B. . Applicability of the Doctrine of Res Judicata.

By way of the motion to dismiss which is now pending before this court, the defendant first asserts that under the doctrine of res' judicata Plaintiff is effectively barred from bringing and maintaining .this action by virtue of Judge Oberdorfer’s March 22, 1993 order.

It has long been recognized that res judicata is a doctrine of claim preclusion; it refers to “the preclusive effect of a judgment in foreclosing relitigation of matters that should have been raised in an earlier suit.” Claim preclusion “extends not only to the precise legal theory presented in the previous litigation, but to all legal theories and claims arising out of the same operative nucleus of fact.” Hart v. Yamaha-Parts Distributors, Inc., 787 F.2d 1468, 1470 (11th Cir.1986) quoting Migra v. Warren City School District Board of Education, 465 U.S. 75, 77 n. 1,104 S.Ct. 892, 894 n. 1, 79 L.Ed.2.d 56 (1984) and Olmstead v. Amoco Oil Co., 725 F.2d 627, 632 (11th Cir.1984). For the defense of res judicata to succeed, four elements must be found to coalesce:. (1) the first suit resulted in a final judgment on the merits; (2) the first suit was based on proper jurisdiction; (3) both suits involved the same cause of action; and (4) both suits involved the same parties or their privies. O’Dell v. McSpadden, 780 F.Supp. 639, 643 (E.D.Mo.1991); Kellner v. Aetna Casualty & Surety Co., 605 F.Supp. 326, 330 (M.D.Pa.1984). See Also: Recchion on Behalf of Westinghouse Electric Corp. v. Kirby, 637 F.Supp. 284, 286 (W.D.Pa.1985); Roodveldt v. Merrill Lynch, Pierce, Fenner & Smith, Inc., 585 F.Supp. 770, 775 (E.D.Pa.1984).

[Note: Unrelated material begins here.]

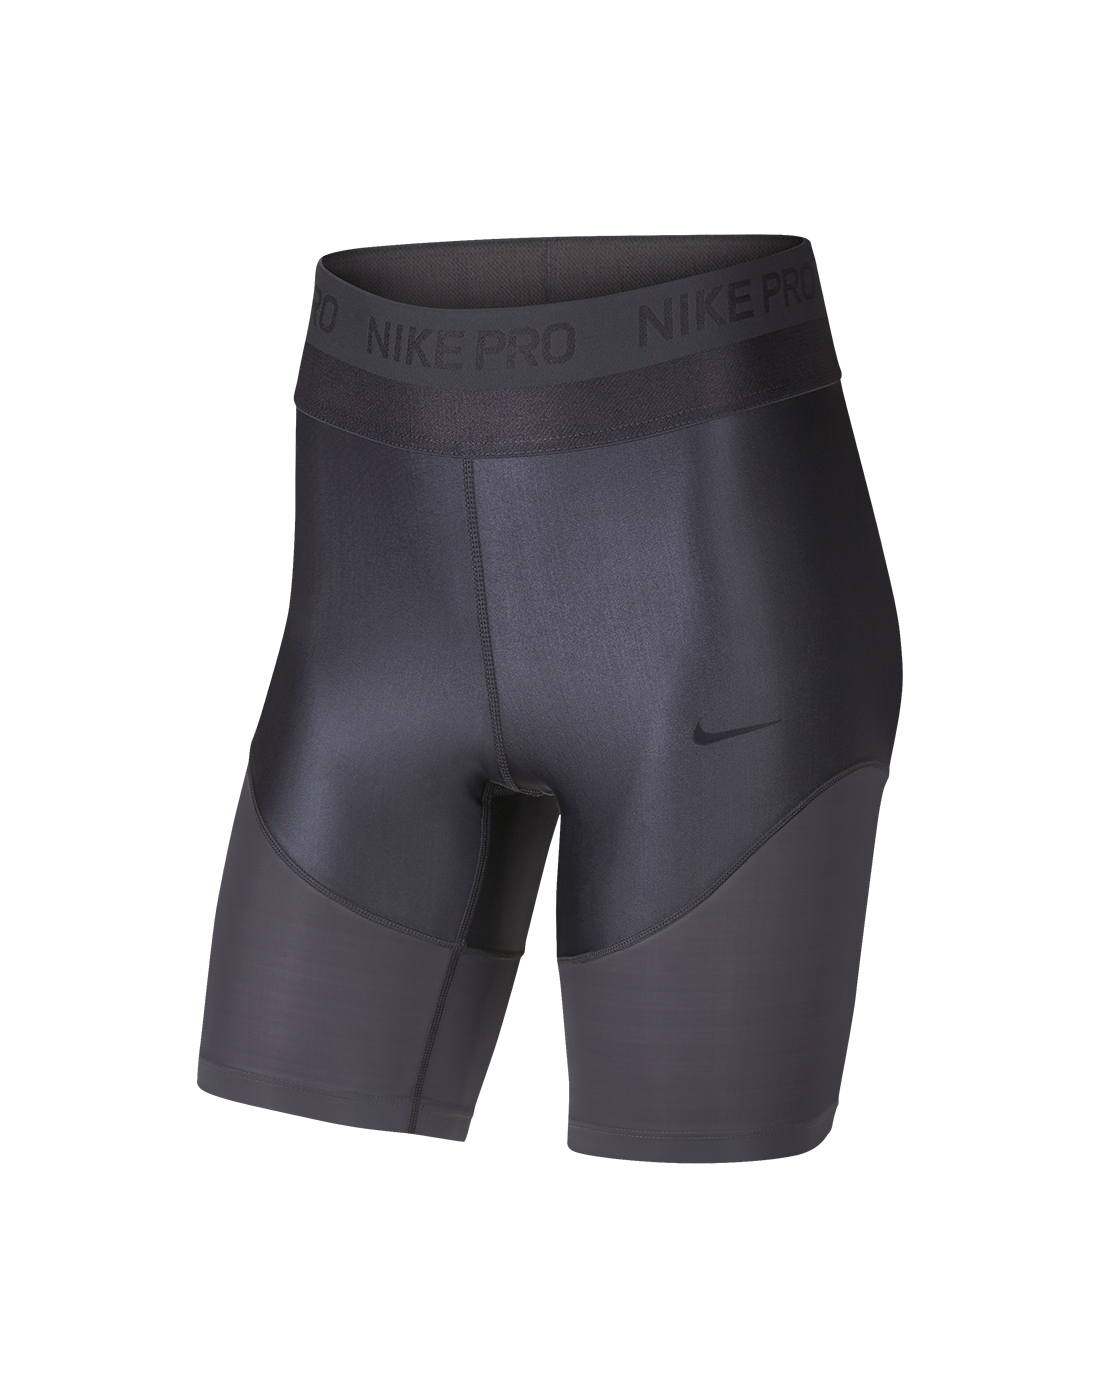 nike pro women's shorts 8 inch

While the determination of whether an initial suit was based upon proper jurisdictional grounds and involved the same cause of action and parties as the subsequent action is relatively simple, resolution of the question of whether the first action resulted in a final determination on the merits is somewhat more problematic. For example, Fed. R.Civ.P. 41(b) provides that as a general rule, a dismissal with prejudice operates as a judgment on the merits unless the court specifies otherwise. That rule further authorizes a district court to dismiss an action for failure to prosecute, or to comply with [the] rules or any order of court and states that unless the court otherwise specifies, dismissal on these grounds, too, operates as an adjudication upon the merits. See: Napier v. Thirty or More Unidentified Federal Agents, 855 F.2d 1080, 1087 (3rd Cir.1988); Kimmel v. Texas Commerce Bank, 817 F.2d 39, 40 (7th Cir.1987); Hart v.